近い将来、多くの職業がロボットや人工知能にとってかわられるという予測がある。しかし、ドイツ・ケルンにあるフォードの工場で新たに採用されたロボットは、そんな予測とはかなり異なるロボットのありかたを見せている。
人間と協力して作業する
自動車をはじめとして、さまざまな製造工場で産業用ロボットが使われている場面をテレビなどで目にしたことがあるだろう。じっさい、自動車の組み立て工場などでは、産業用ロボットが人間に代わって仕事をするようになった作業も多い。
しかし、このロボットはちょっと性格がちがうようだ。人間にとって代わるというよりは、人間の同僚として、仕事を手伝うように作られている。フォードでは、この開発を『インダストリー4.0』と名づけたプロジェクトの一環としている。これは4度目の産業革命を意味している。
このロボットは、ドイツのKUKA Roboterというメーカーとの協力で生まれたものだ。まずフォード・フィエスタの生産ラインで、サスペンションのショックアブソーバーを取り付ける作業に携わっている。正確さや器用さが求められ、しかも力の必要な作業だ。
3フィートちょっとという身長のこのロボットが、重いショックアブソーバーと取り付けツールを持ち上げて正しい位置にセットしてくれるので、人間のスタッフがショックアブソーバーを装着するのが楽になるのだ。
「頭の上で重いエアツールを操作するのは力もスタミナも必要だし、正確にやらなければいけないので重労働なんです。ロボットは本当に役に立ちます」と、工場スタッフのNgali Bongongo氏はいう。
安全性も高まる
ロボットは高性能センサーを備えているので、パーツやツールを動かそうとする先に人間の手や指があるとそれを検知でき、すぐに動きを止める。そうすることで人間のスタッフの安全性も確保されている。なお同様の技術は製薬産業や電子産業でも使われているという。

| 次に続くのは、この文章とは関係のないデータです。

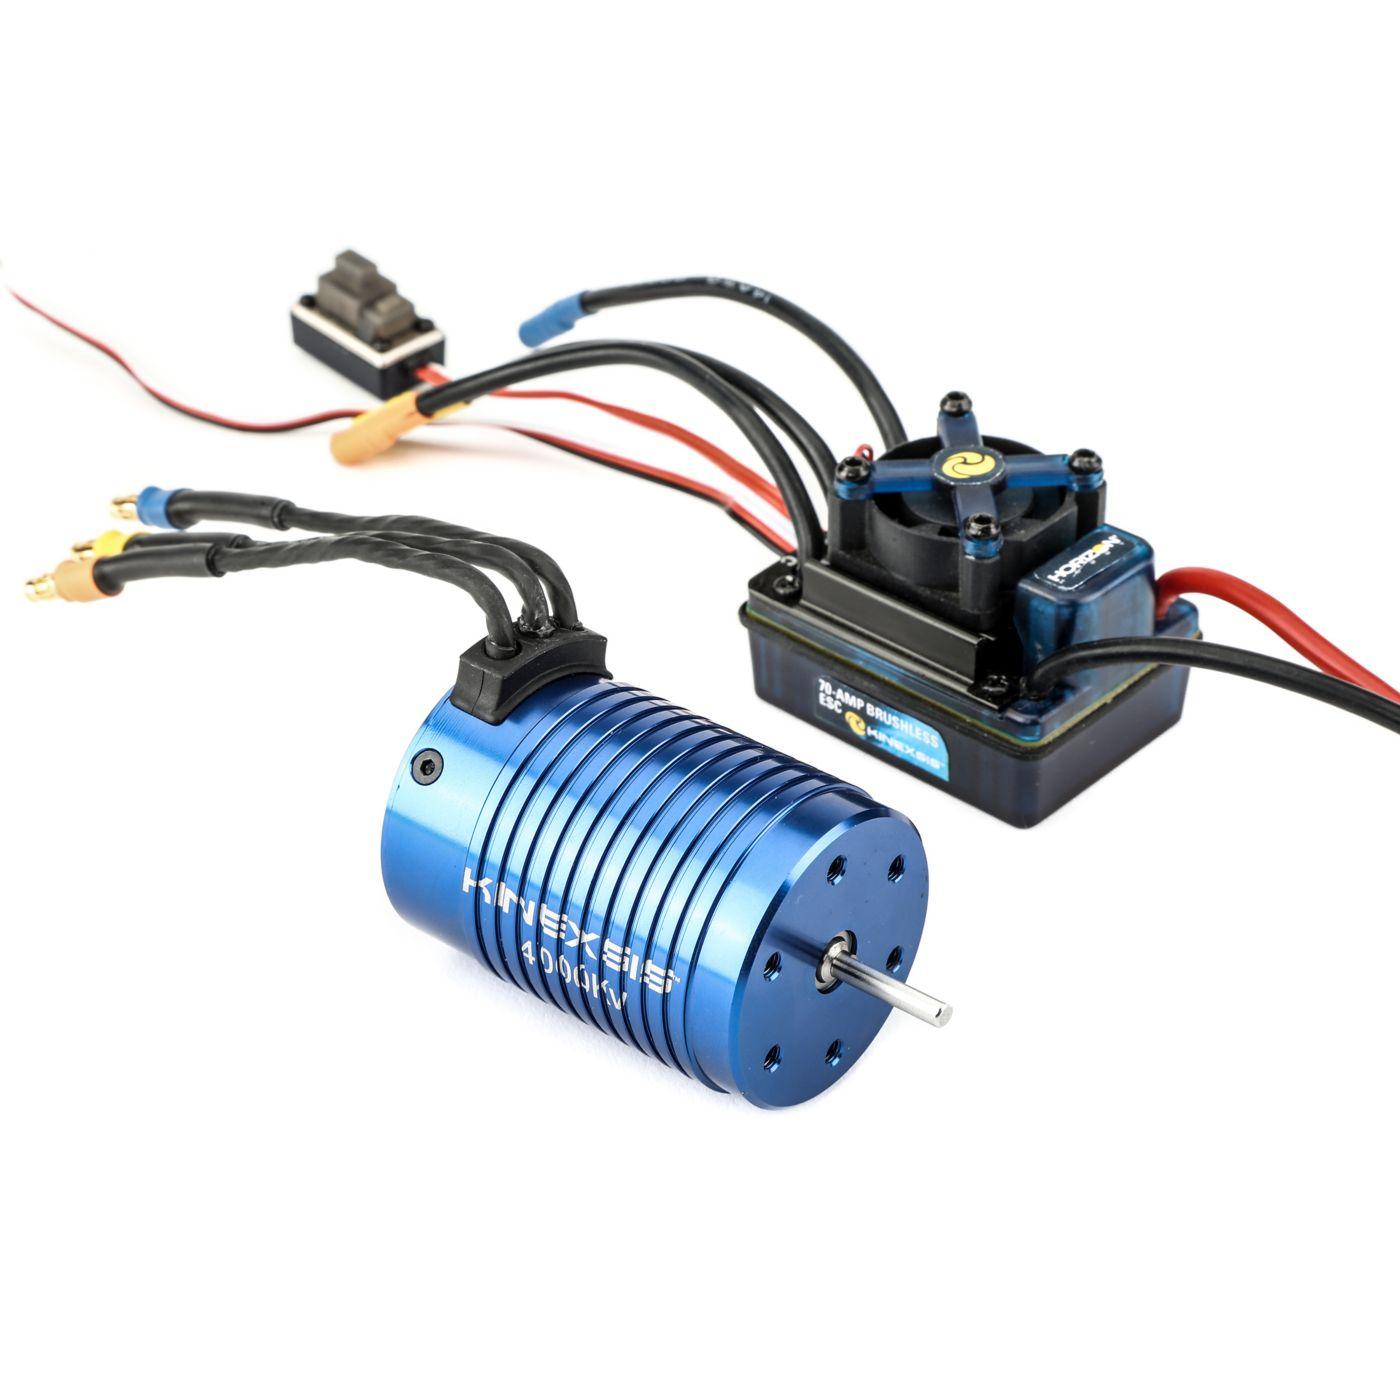 1 10 4 pole 4000kv esc motor combo horizonhobby north american edition electrical wiring harness with eicv escv [ 1400 x 1400 Pixel ]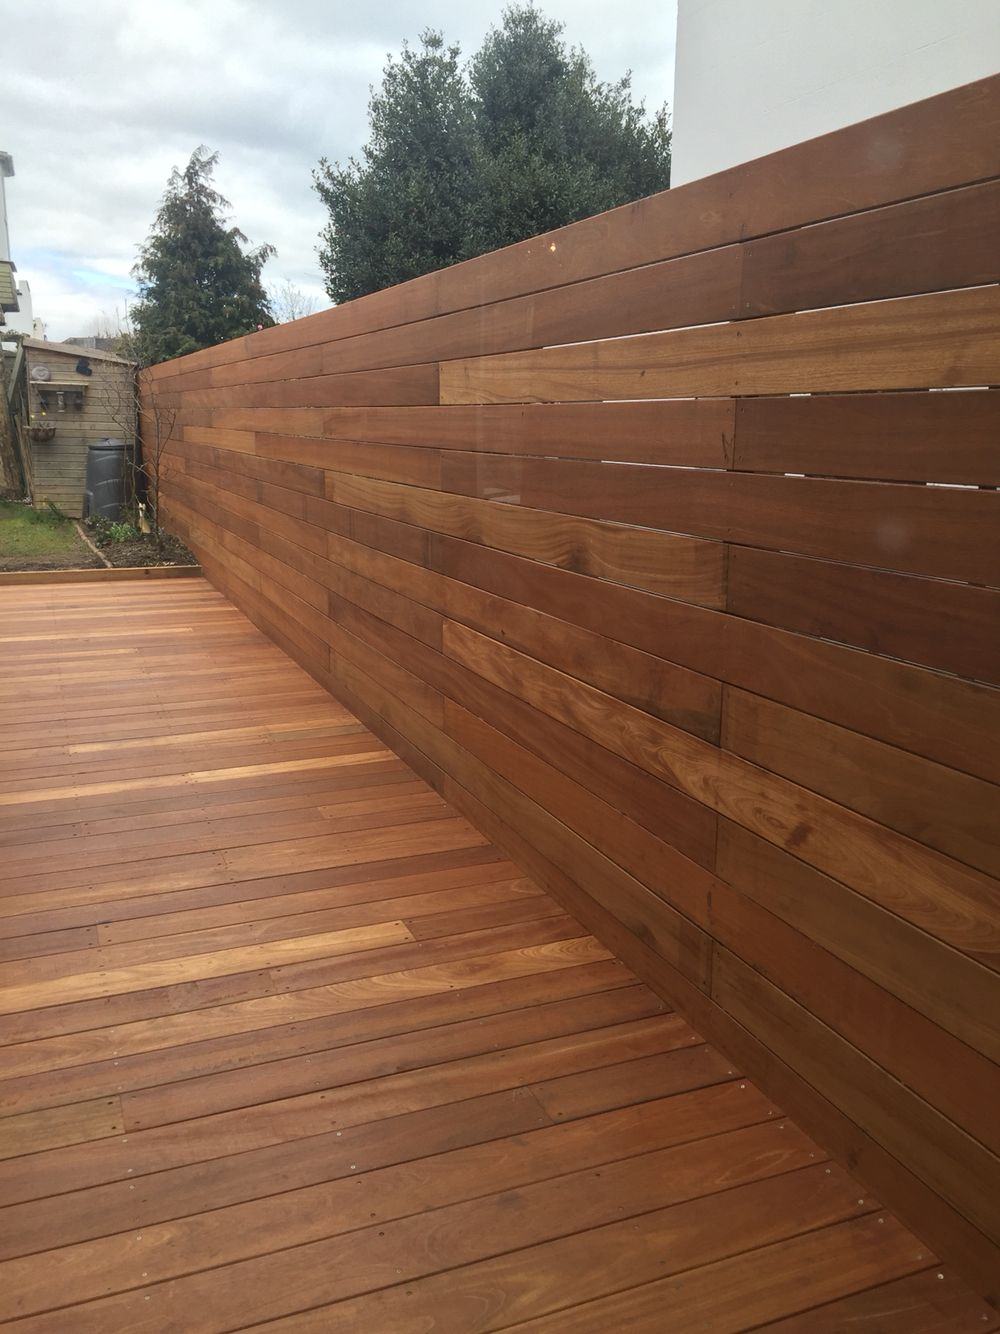 Horizontal Wood Fence Yellow Balau Deck Boards Finished With

フォードでは今後の共同作業ロボットについて、握手をすることからコーヒーを淹れることまでプログラムできるようなものを考えているという。動画のなかでは、そんなロボットの姿も見ることができる。
人工知能、ロボット工学の進化によって、将来の仕事はどう変わっていくのだろうか? 人間は駆逐されてしまうのか? しかし、この動画を見ると、人間とロボットが職場で共生する未来というのもありえそうだ。もちろん、ロボットのありかたは国や地域、文化によっても変わっていくのだろう。